Pravadoline (WIN 48,098) is an antinflammatory and analgesic drug with an IC50 of 4.9 μM and a Ki of 2511 nM at CB1, related in structure to nonsteroidal anti-inflammatory drugs (NSAIDs) such as indometacin. It was developed in the 1980s as a new antiinflammatory and prostaglandin synthesis inhibitor, acting through inhibition of the enzyme cyclooxygenase (COX).

However, pravadoline was found to exhibit unexpectedly strong analgesic effects, which appeared at doses ten times smaller than the effective anti-inflammatory dose and so could not be explained by its action as a COX inhibitor.
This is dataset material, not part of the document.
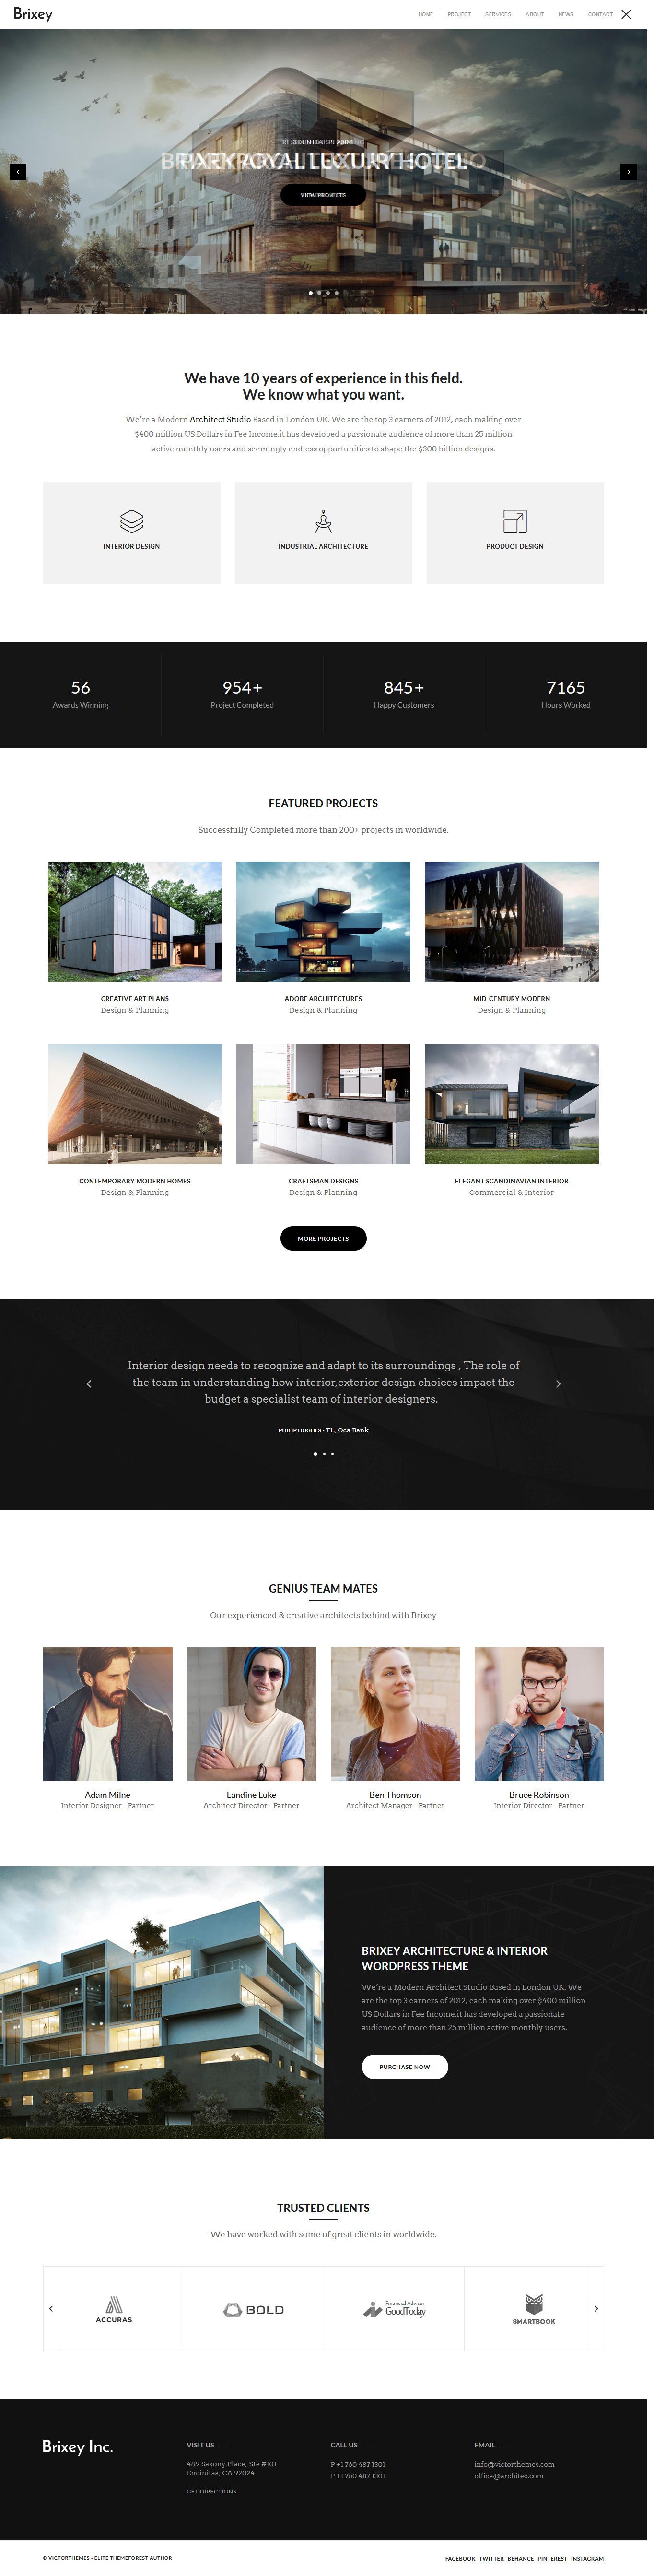 brixey best premium architecture wordpress theme - 10+ Best Premium Architecture WordPress Themes

These effects were not blocked by opioid antagonists such as naloxone, and it was eventually discovered that pravadoline represented the first compound from a novel class of cannabinoid agonists, the aminoalkylindoles.

Pravadoline was never developed for use as an analgesic, partly due to toxicity concerns (although these were later shown to be a result of the salt form that the drug had been prepared in rather than from the pravadoline itself), however the discovery of cannabinoid activity in this structurally novel family of drugs led to the discovery of several new cannabinoid agonists, including the drug WIN 55,212-2, which is now widely used in scientific research.

Animal studies

Administration of pravadoline on rats showed:
 Prolonged the response latency induced by tail immersion in hot water at a temperature of 55 °C (minimum effective dose 100 mg/kg s.c.)
 Prevented hyperalgesia in rats with brewer's yeast injections during (Randall-Selitto test) (minimum effective dose 1 mg/kg, p.o.)
 Prevented the nociceptive response induced by paw flexion in the adjuvant-arthritic rat (ED50 41 mg/kg, p.o.)
 Prevented the nociceptive response of bradykinin-induced head and forepaw flexion (ED50 78 mg/kg, p.o.)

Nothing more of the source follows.